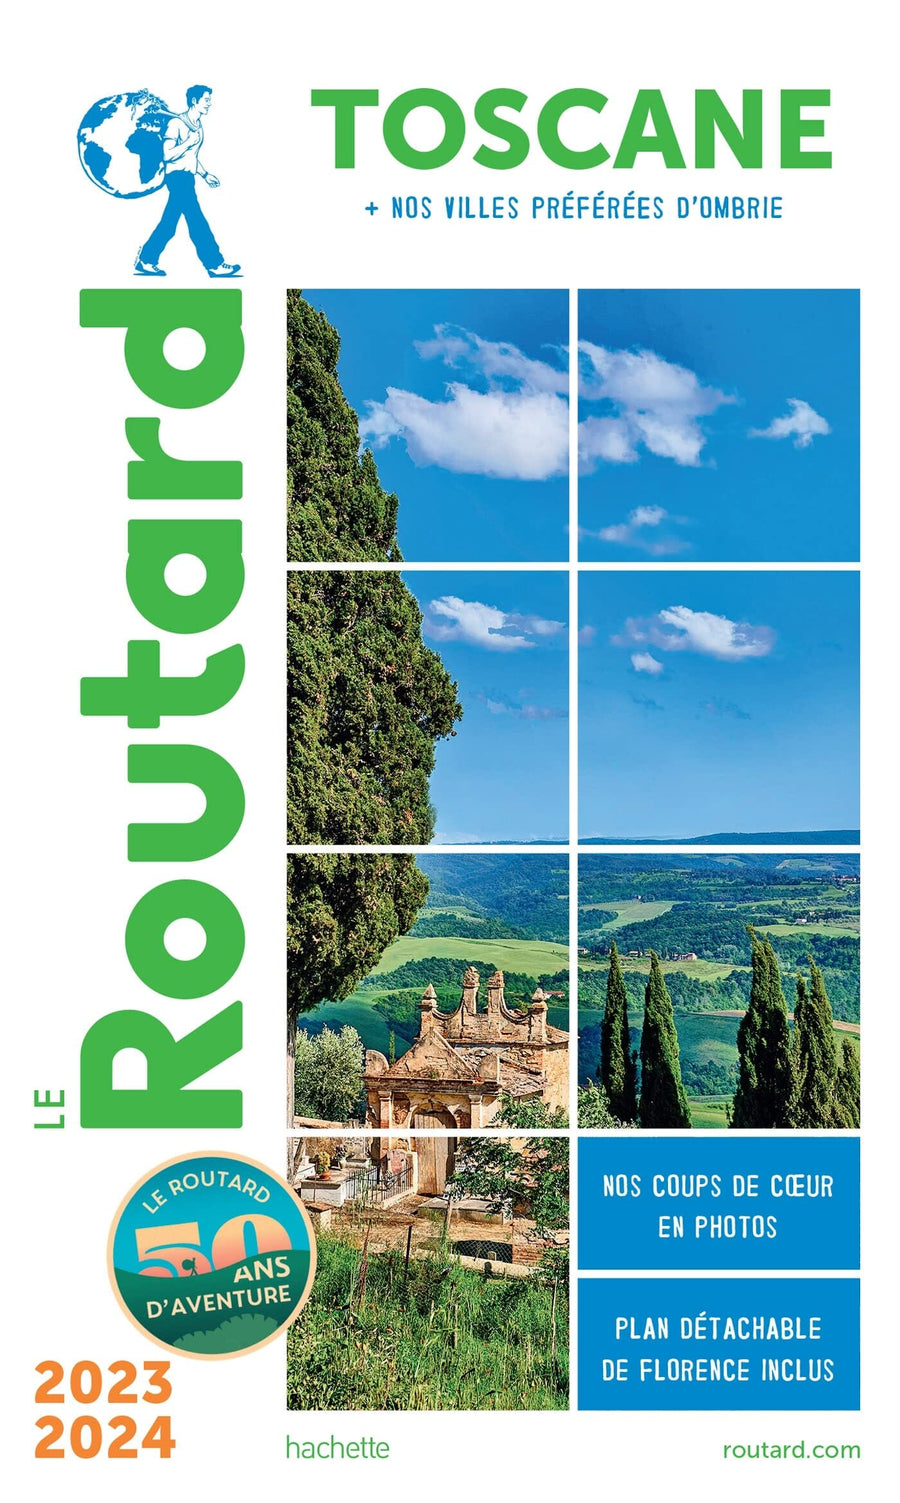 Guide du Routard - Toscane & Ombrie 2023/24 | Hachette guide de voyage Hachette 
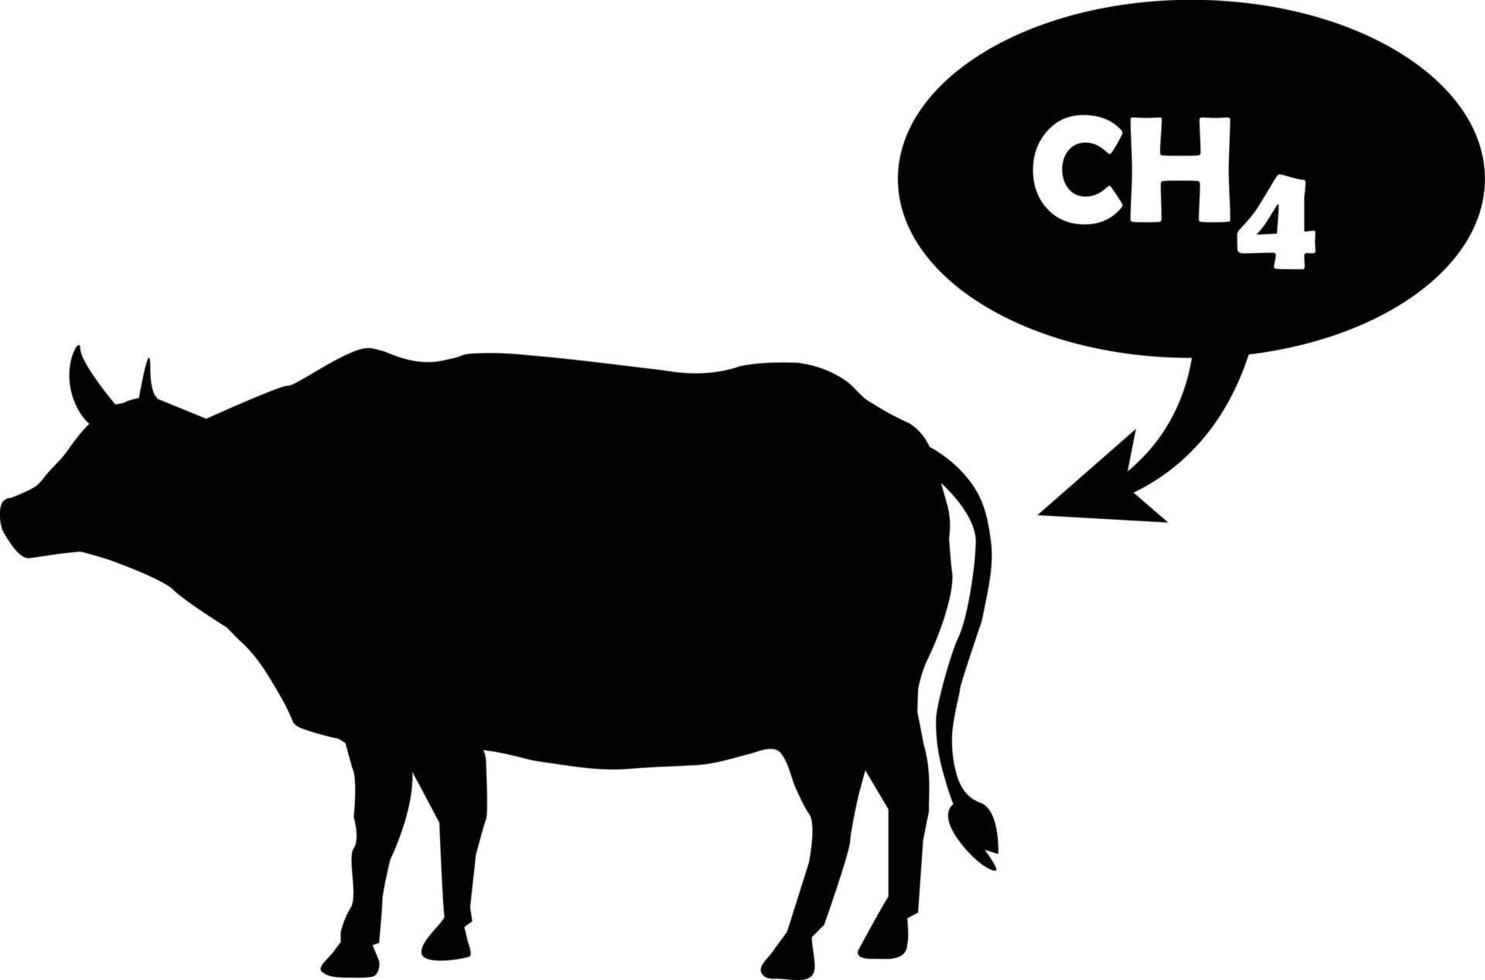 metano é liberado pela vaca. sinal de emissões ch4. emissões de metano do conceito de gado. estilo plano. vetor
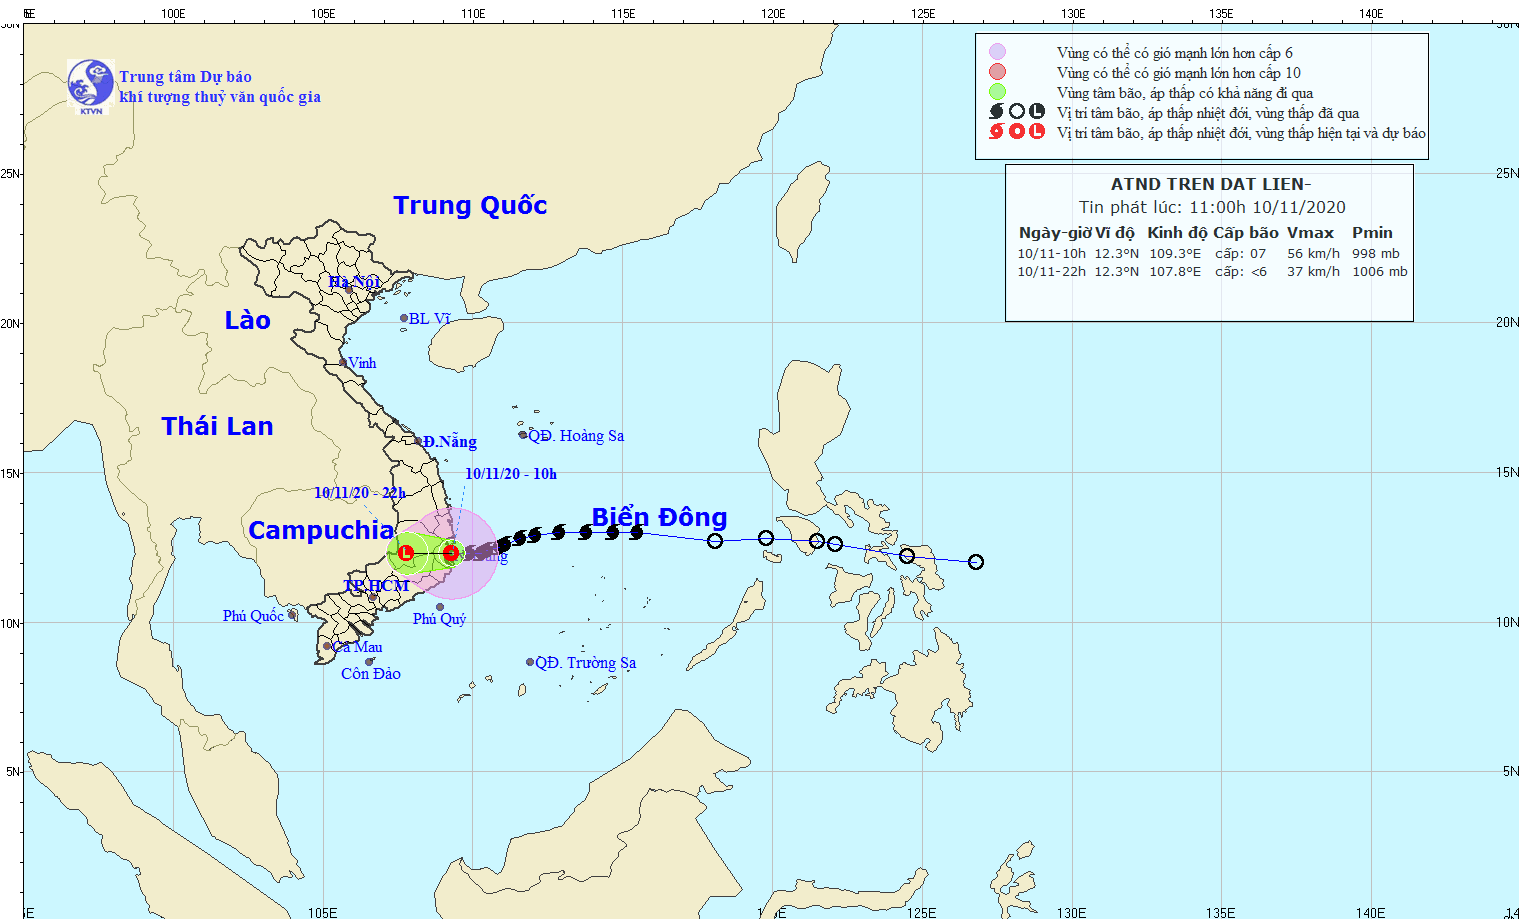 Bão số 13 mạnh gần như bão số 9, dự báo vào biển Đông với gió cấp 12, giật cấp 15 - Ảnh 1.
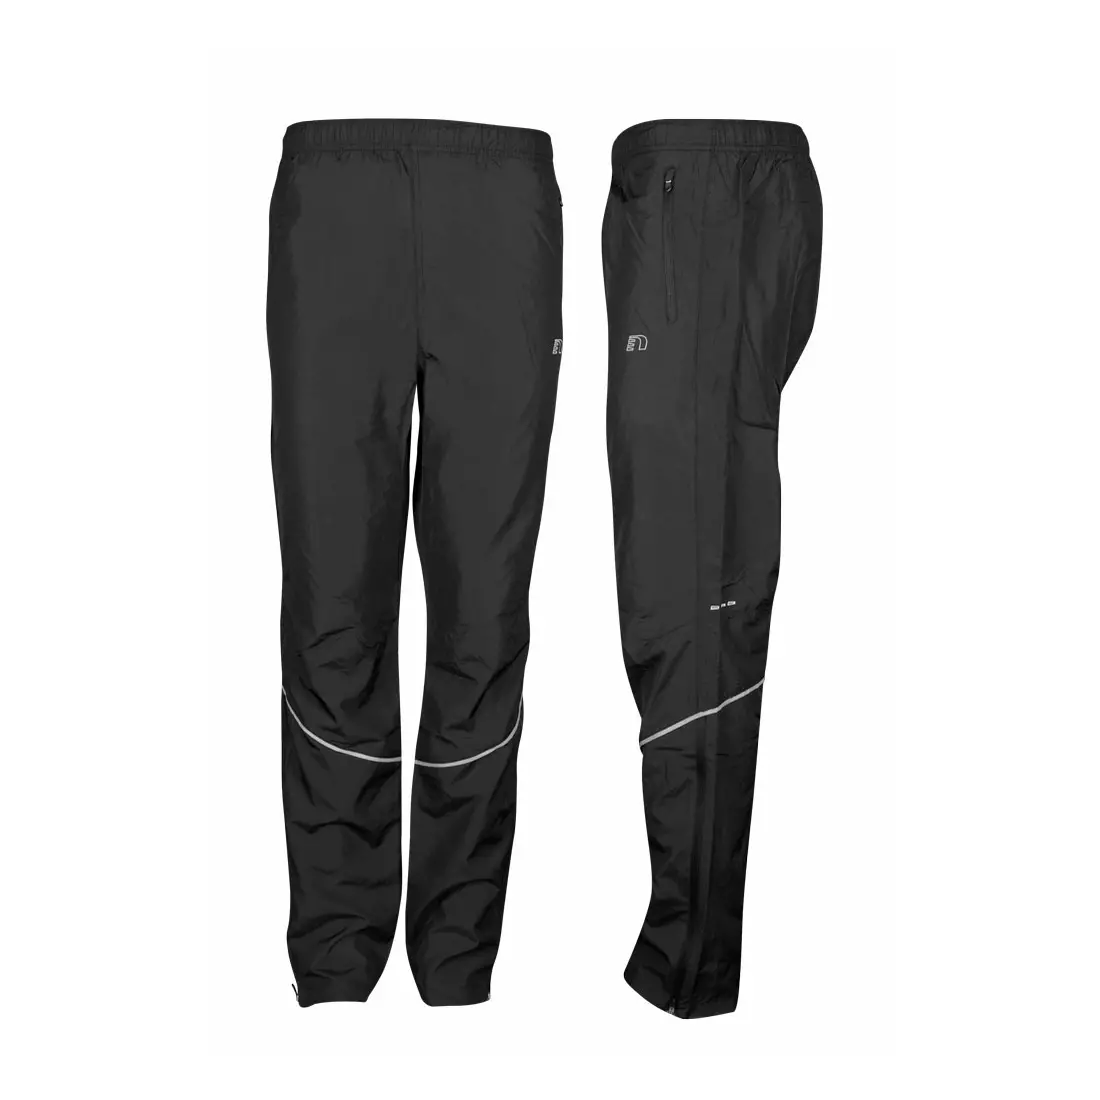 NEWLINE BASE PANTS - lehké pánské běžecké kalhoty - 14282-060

- _PROBLEM STATEMENT_
Lines from the one that contains "Bão số 13 mạnh" through the last line of the data above are to be extracted exactly, with no pictures and no other lines.

- _COMPLETED EXERCISE_
 Bão số 13 mạnh gần như bão số 9, dự báo vào biển Đông với gió cấp 12, giật cấp 15 - Ảnh 1.
 NEWLINE BASE PANTS - lehké pánské běžecké kalhoty - 14282-060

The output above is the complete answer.